The following factors can impact the taste of the olive oil:

  • type of olive used
  • soil conditions
  • location where olives were grown
  • weather during the “growing” and “harvesting” seasons
  • the ripeness of the olives
  • season/timing of the harvest
  • harvesting method
  • length of time between the harvest and pressing
  • pressing technique
  • packaging and storage methods.

Refined Olive Oil:

At the end of a typical mechanical pressing to create “Extra Virgin” or “Virgin” Olive Oil,” not all of the oil has been extracting from the olives. The remaining oil is extracted by a “refining” process that uses solvents and high heat to extract as much oil out of the olive as possible. This process is also used for seed and other oils.

However, the solvents and high heat make the oils odorless and tasteless. This process also allows producers to use olives that are not in the best condition.

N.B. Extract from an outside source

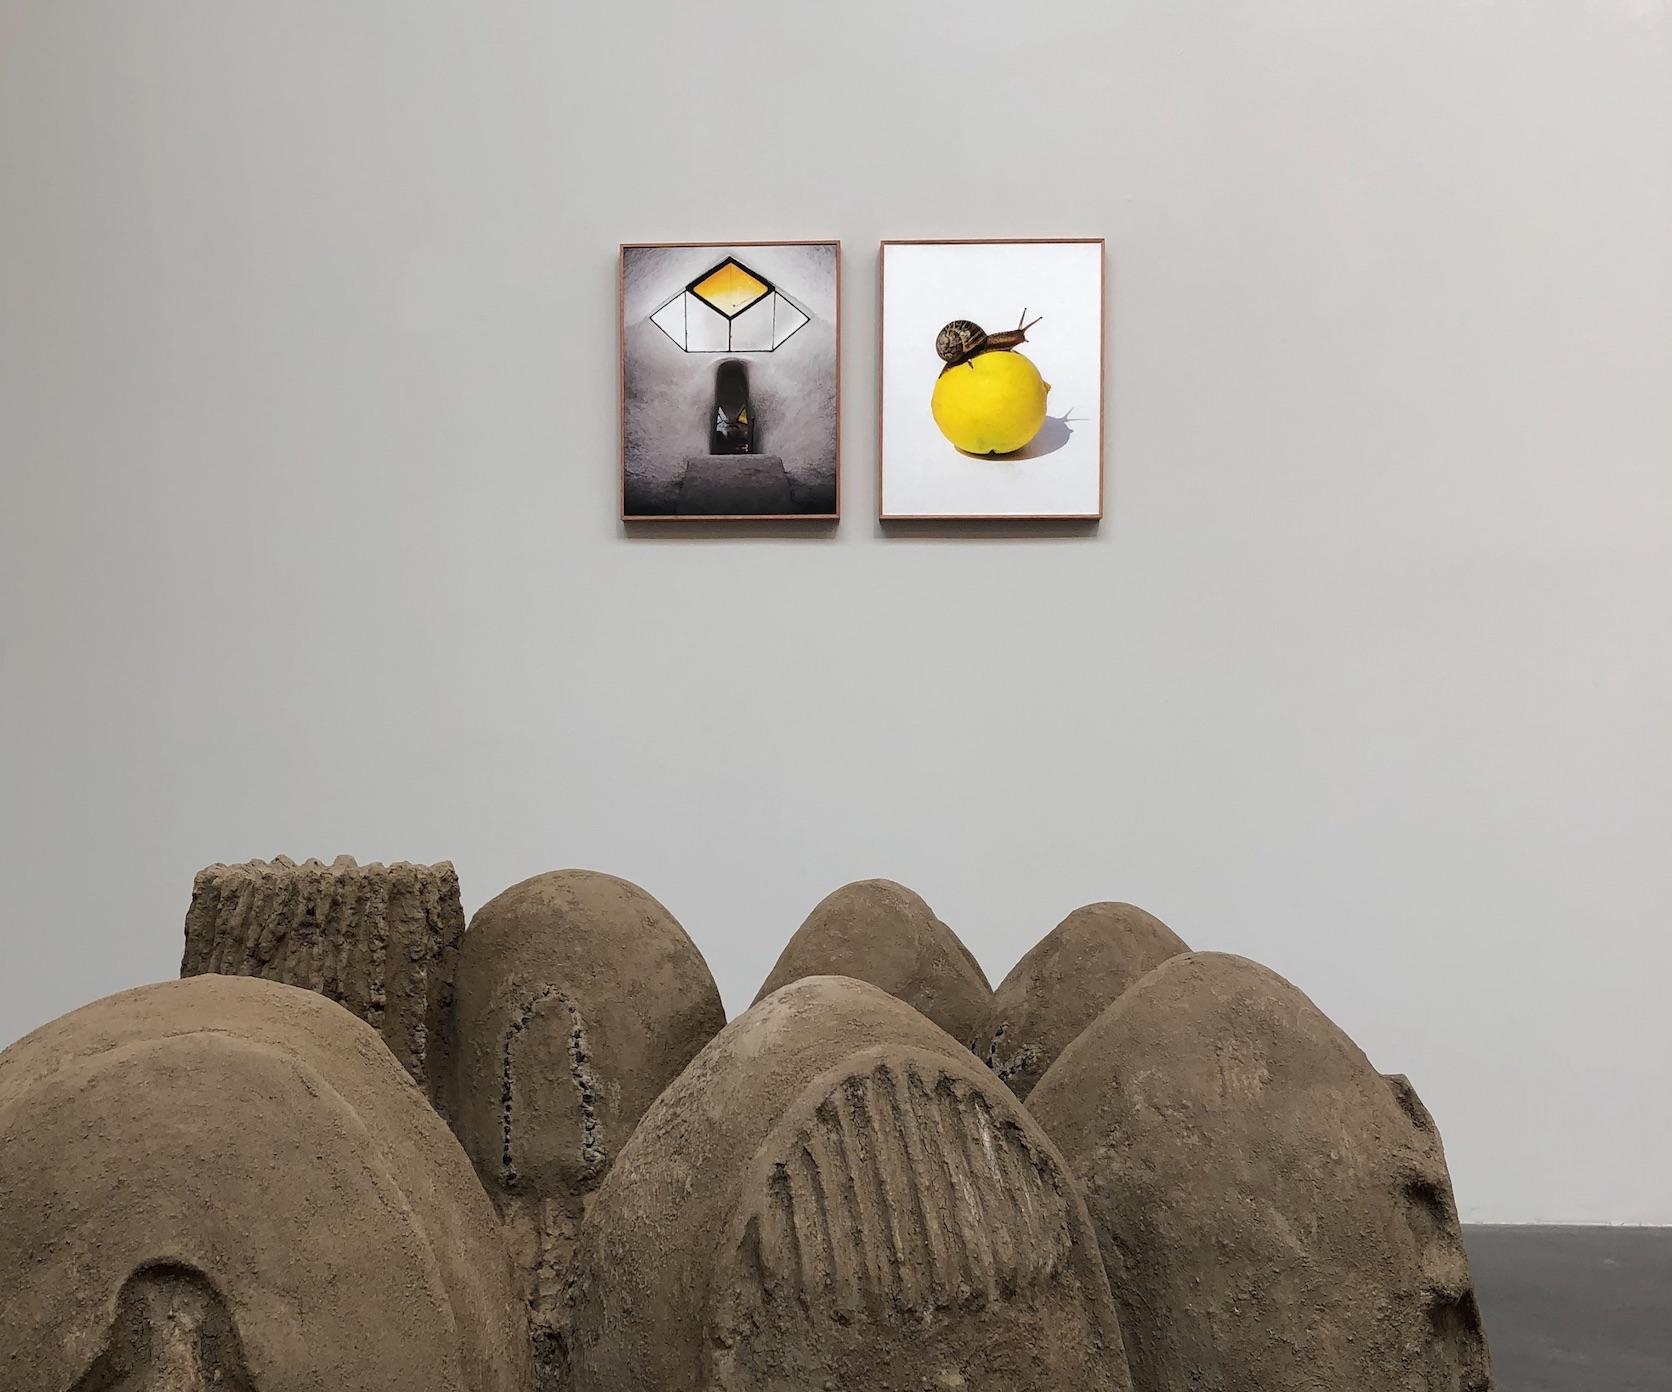 Galería Agustina Ferreyra, Ramiro Chaves & Ulrik López. Kurimanzutto, Mexico City, 2021. Photo: Onda MX
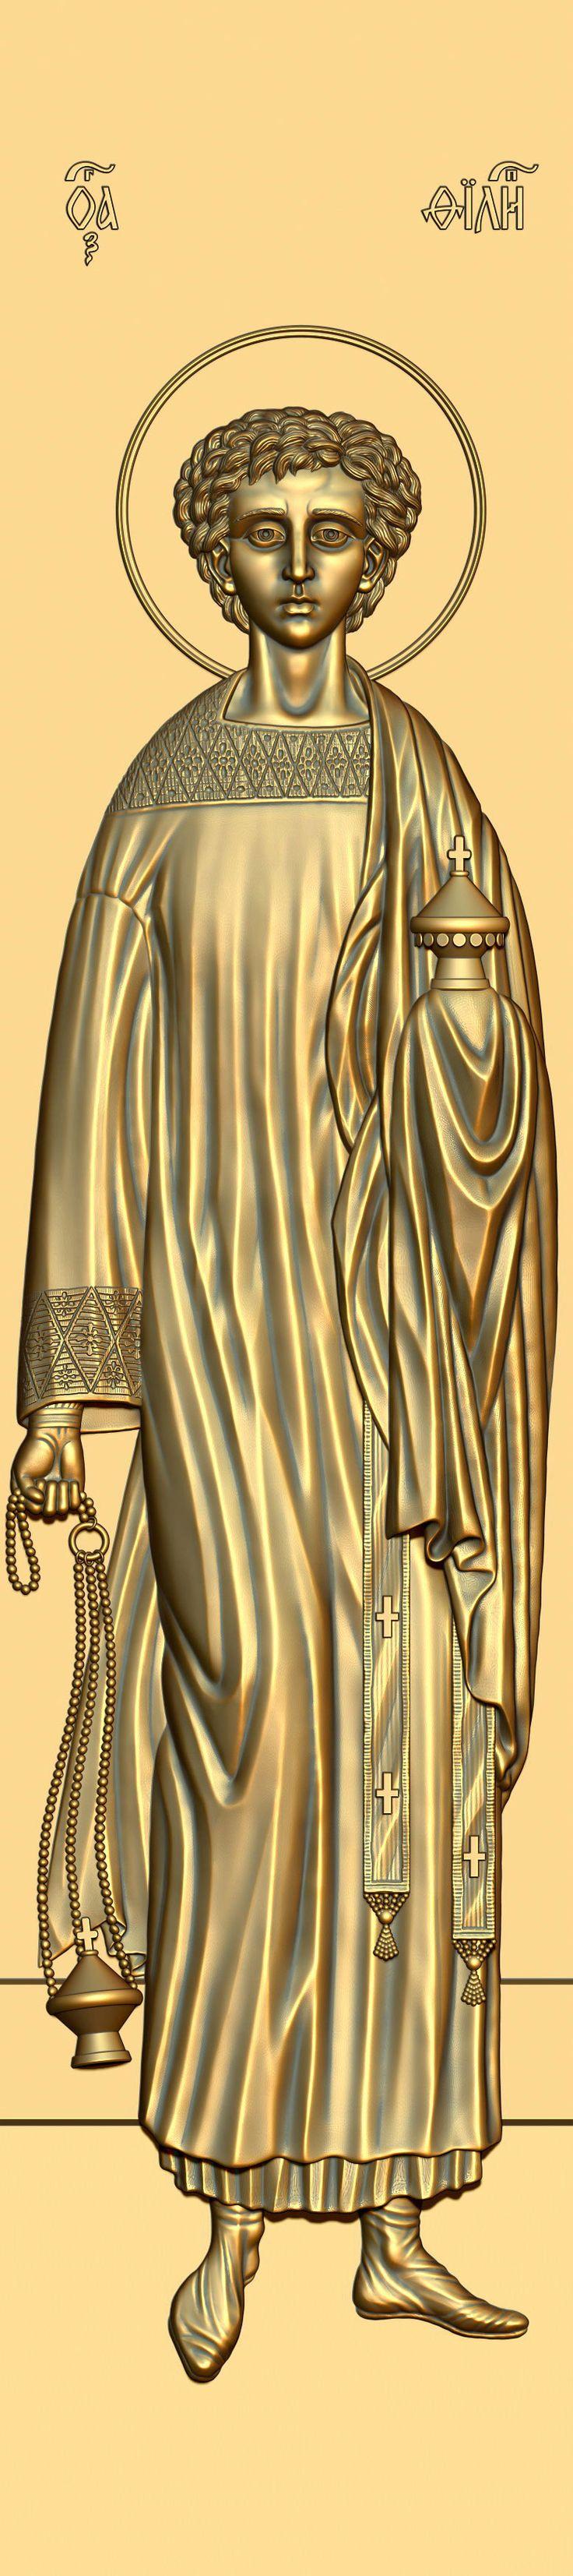 St. Philip the deacon of Caesarea. 3D model for CNC milling machine. Simulation programs: MoI, ArtCam, ZBrush. Private order.

Olive Oil: Olive oils labeled simply “Olive Oil” or “Pure Olive Oil” are blends of refined and unrefined oils. This grade of oil actually represents the majority of olive oil sold on the world market to the consumer.

Blends are made in proportions to create specific styles and prices. Olive oil grades in the US labeled as “Extra Light” would most likely be a blend dominated by refined olive oil. Other blends with more color and flavor would contain more virgin or extra virgin olive oil.

Pomace Olive Oil: This is the cheapest and poorest quality olive oil. Once the typical extraction of olive oil is complete, there is still quite a bit of olive pulp or pomace left which contains even more olive oil. The amount of oil contained in this leftover pomace, which consists of the solid remains of the olive including skins, pulp, seeds, and stems, cannot be extracted by pressing, but only through the combined use of chemical solvents (like Hexane) and very high heat.